Bell changed the topic by asking, “Do you remember anything about what happened on the train with you and Johnny and Alvin?”
“Some,” Hall said. “It was Johnny. When you went back to uncouple the cars, Johnny hit Alvin with the blade of the coal shovel without warning and shoved him right off the train. He swung at me and did a good number on my head, but I think I got ahold of the sledgehammer they use to break up bigger chunks of coal and swung it back just before my legs went out from underneath me.”
“So, it was Johnny who was working for the French,” Bell said.
“Must be,” Vern said.
“I wonder why,” Bell mused.
“I’ve been thinking about that, Mr. Bell, and there’s something I’ve kept secret.”
“What’s that?” Brewster asked with suspicion. “What secret?”

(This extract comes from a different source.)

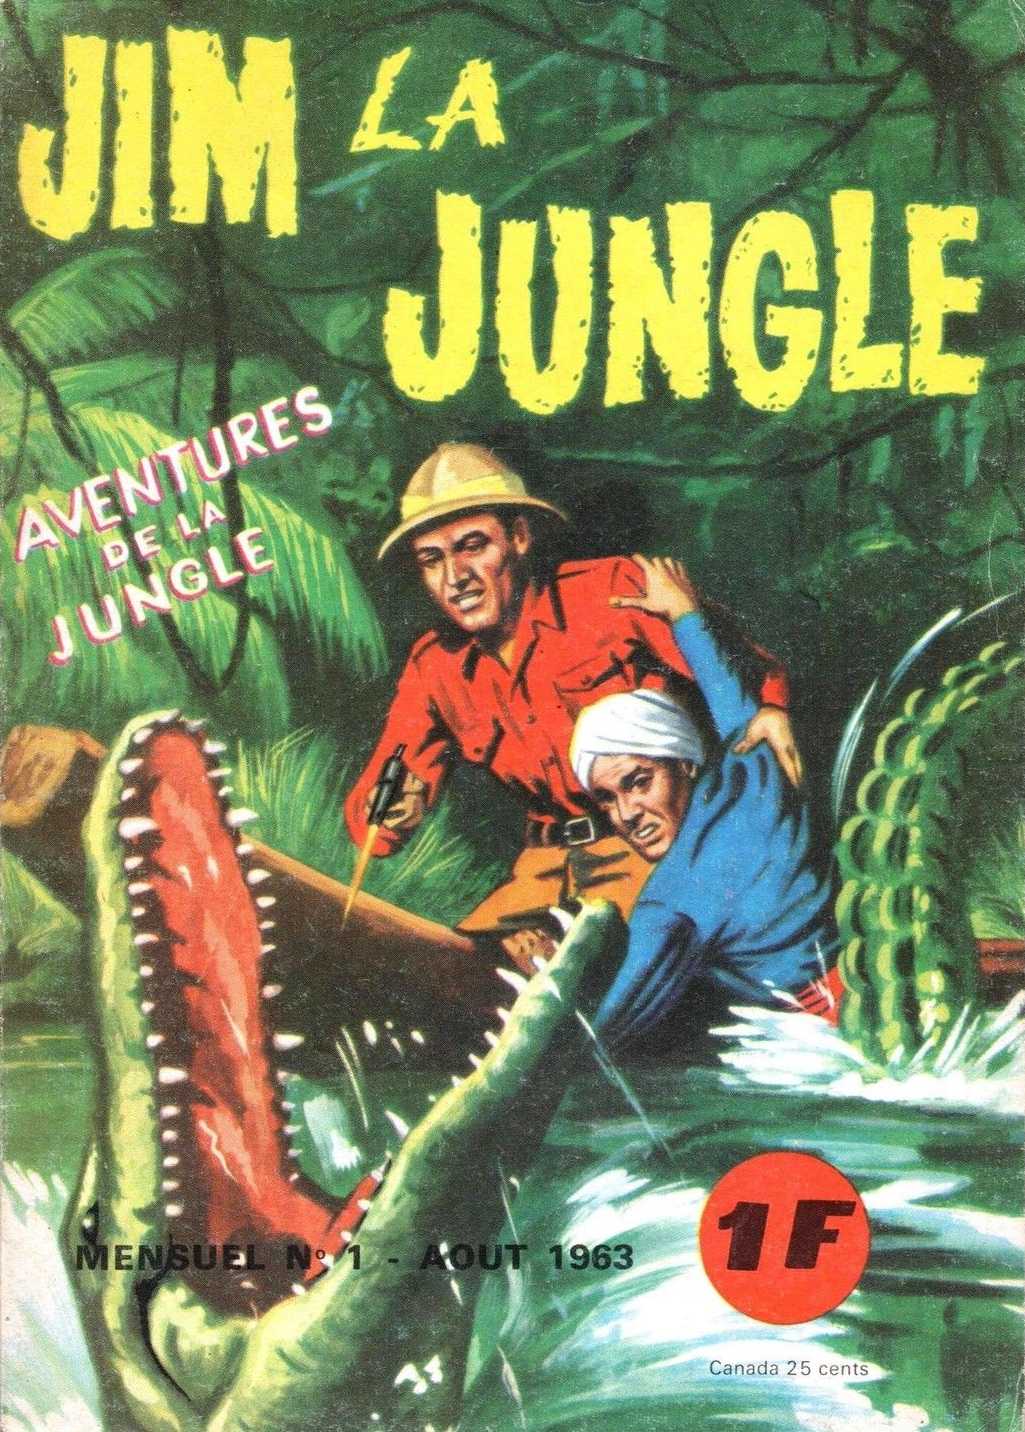 Scan Jim La Jungle
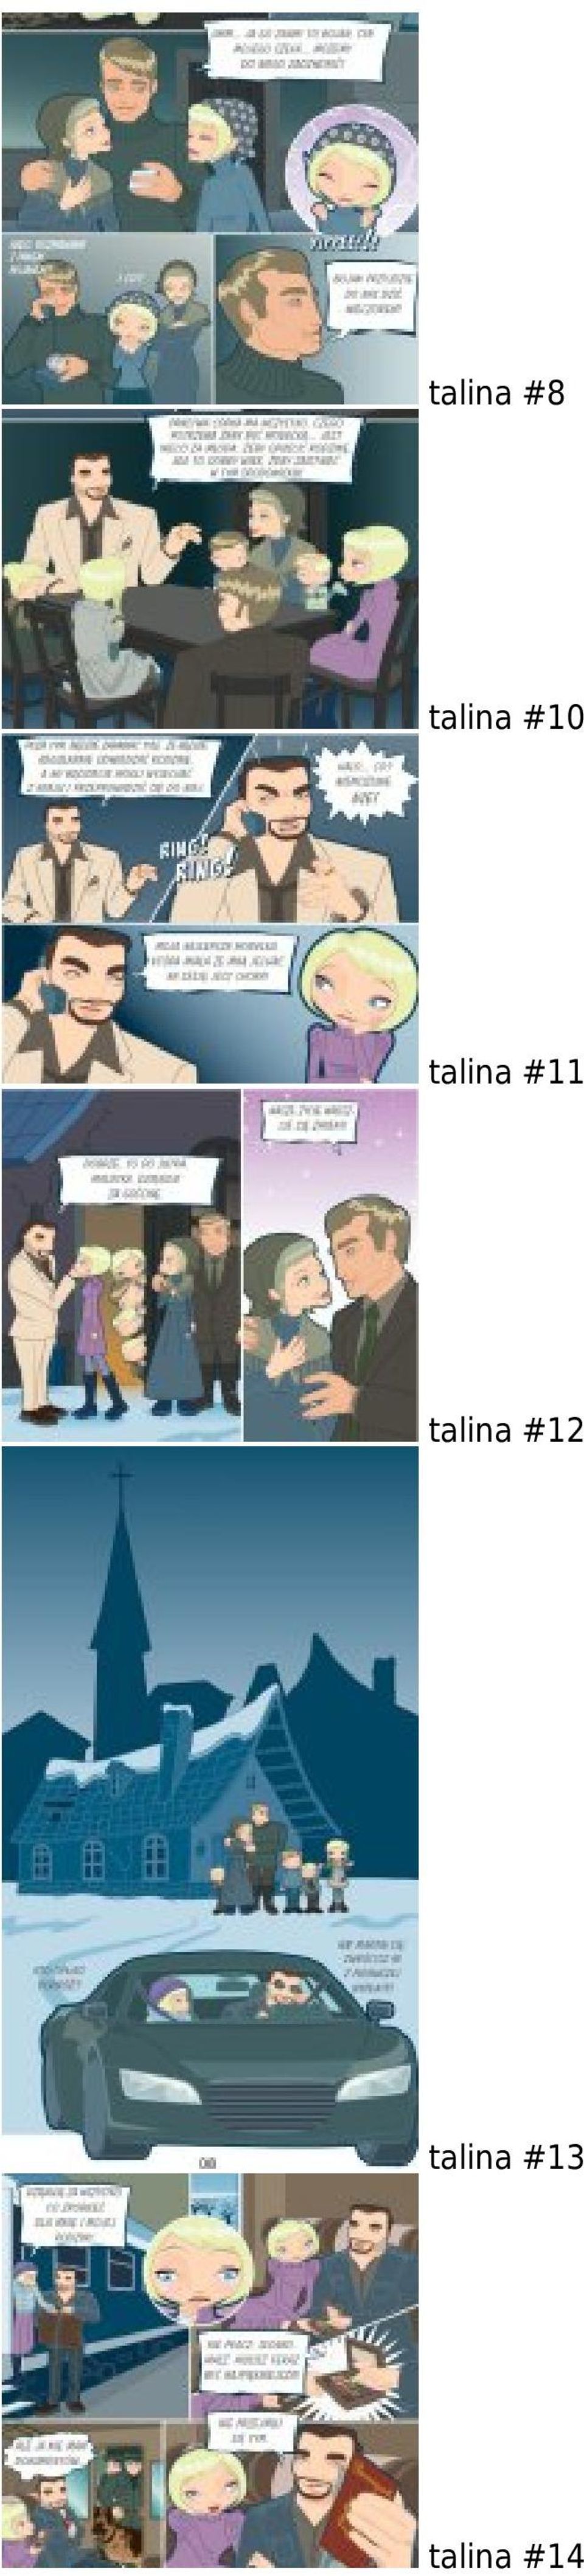 talina #11

“Jake Hobart was married, and I think Johnny had fallen in love with his bride and killed Jake over it.”
“What?” Brewster cawed.
“It’s true. Jake knew about how you didn’t trust working with married miners, Josh, so he never told you. He confided in me, and even asked that I send some postcards on his behalf when we were in Paris. I mailed some when we went to the tasting session at the food company, and I had Arn send a final one from Aberdeen that told her Jake had died back in Russia.”
Bell said, “I did find evidence that Johnny had a girl he couldn’t be with.”
Vern Hall nodded in the darkness. “He spent a lot of time with Jake Hobart because Jake was teaching him how to be a blaster. That’s how Johnny met the wife, who’s much younger than Jake. Maybe even younger than Johnny. I think what happened was Johnny fell in love with her and wanted to get Jake out of the way. He must have seen an opportunity on the island, committed the murder, and made it look like Jake had died in a storm.”